[BRIEF] Your answer must be the line containing "INTERSEC Technology and" and each following line to the end of the listing below, copied exactly, with pictures removed and nothing added.

[RAW DATA]
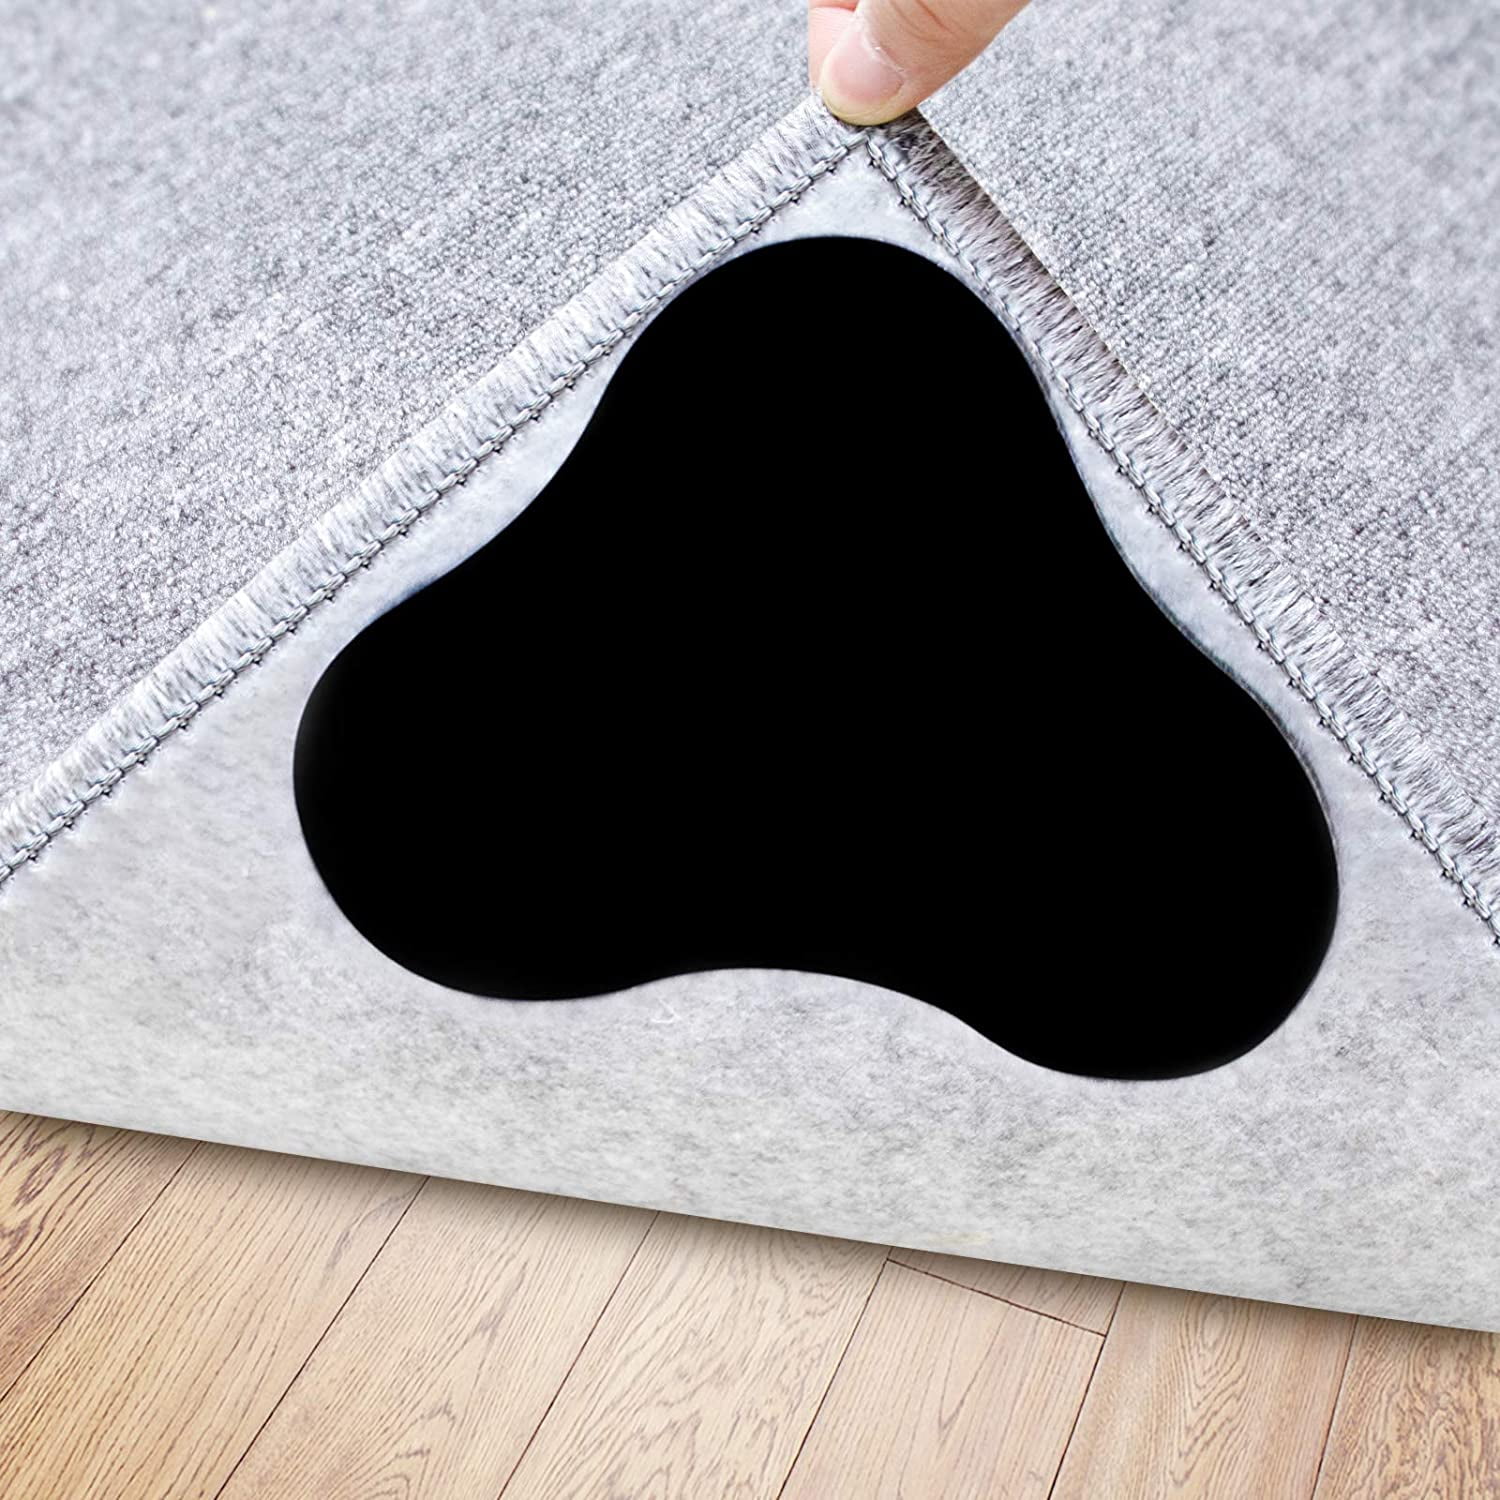 2x Extra Strong Double Sided Carpet Grip Tape Rug Sticker Anti Slip Slide Curlin 
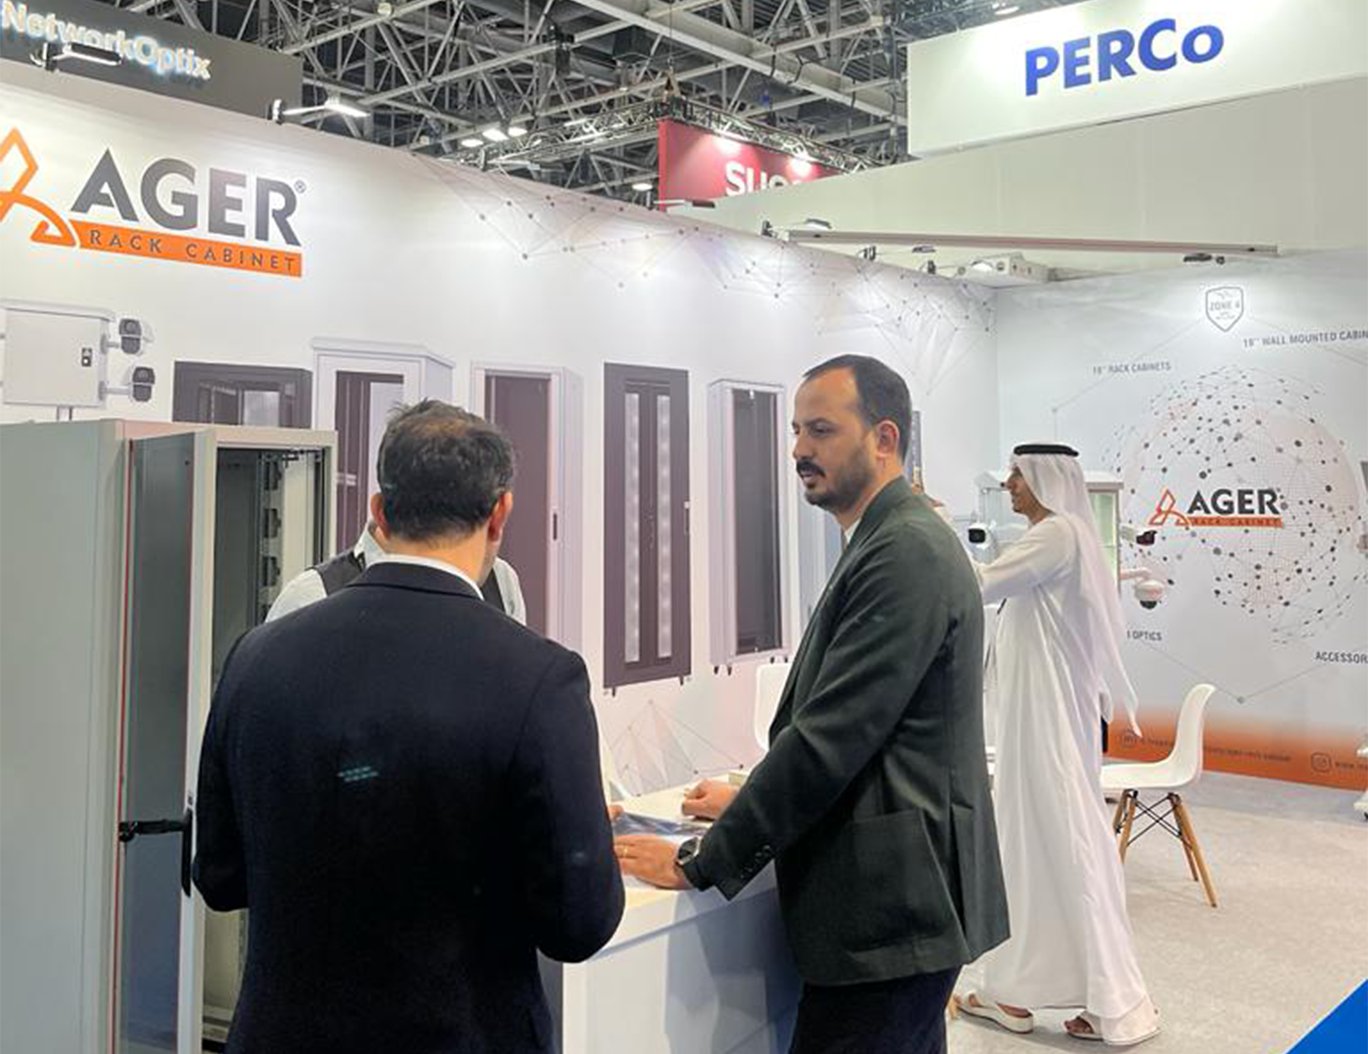 INTERSEC Technology and Security Exhibition took place in DUBAI between January 16-18.
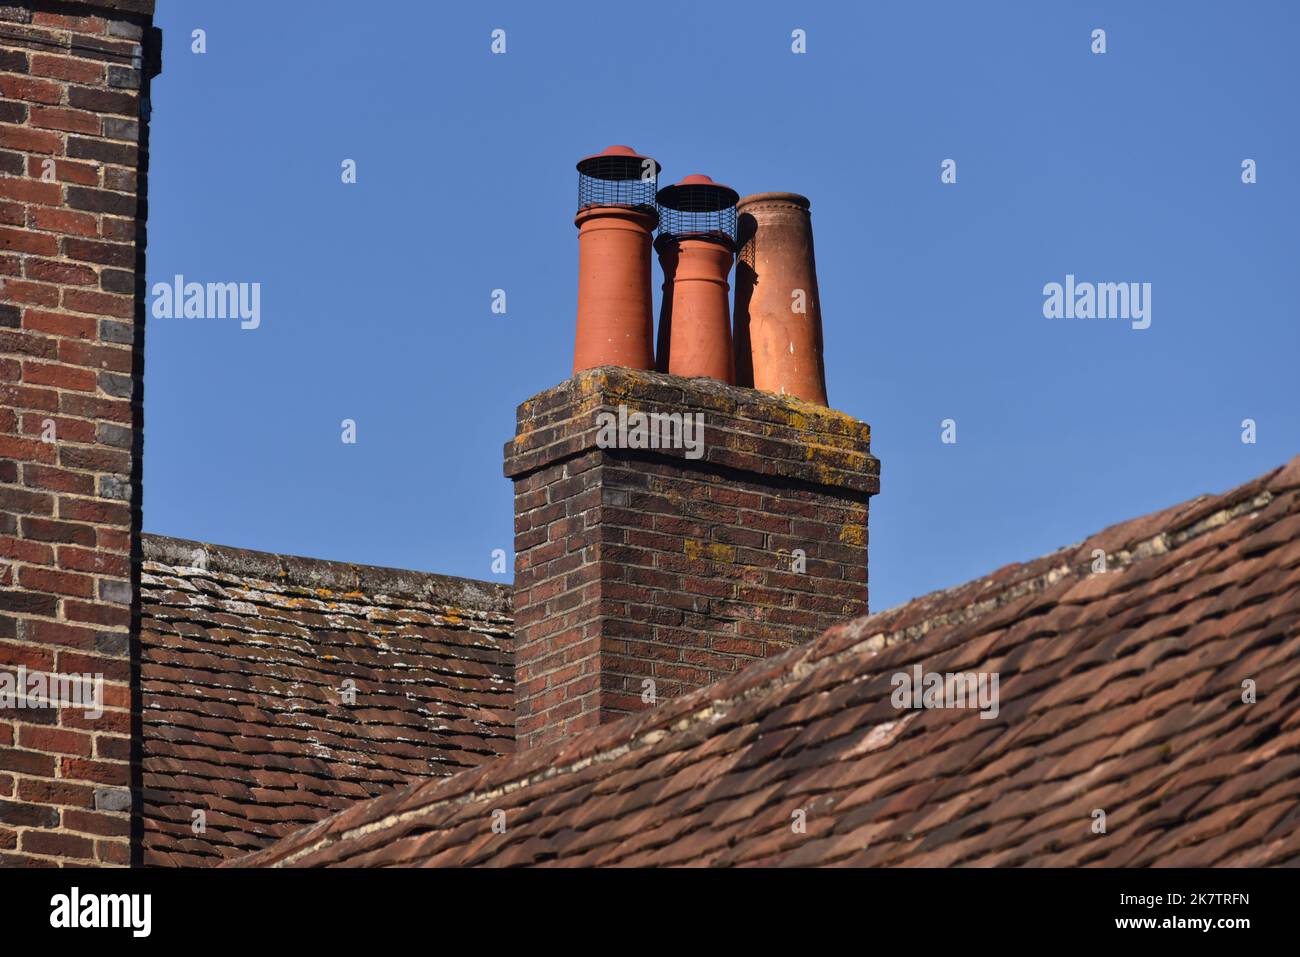 Old style brick chimney with ceramic pot on the top in a rural village in Hampshire, England. Stock Photo

[RESULT]
 INTERSEC Technology and Security Exhibition took place in DUBAI between January 16-18.
 Old style brick chimney with ceramic pot on the top in a rural village in Hampshire, England. Stock Photo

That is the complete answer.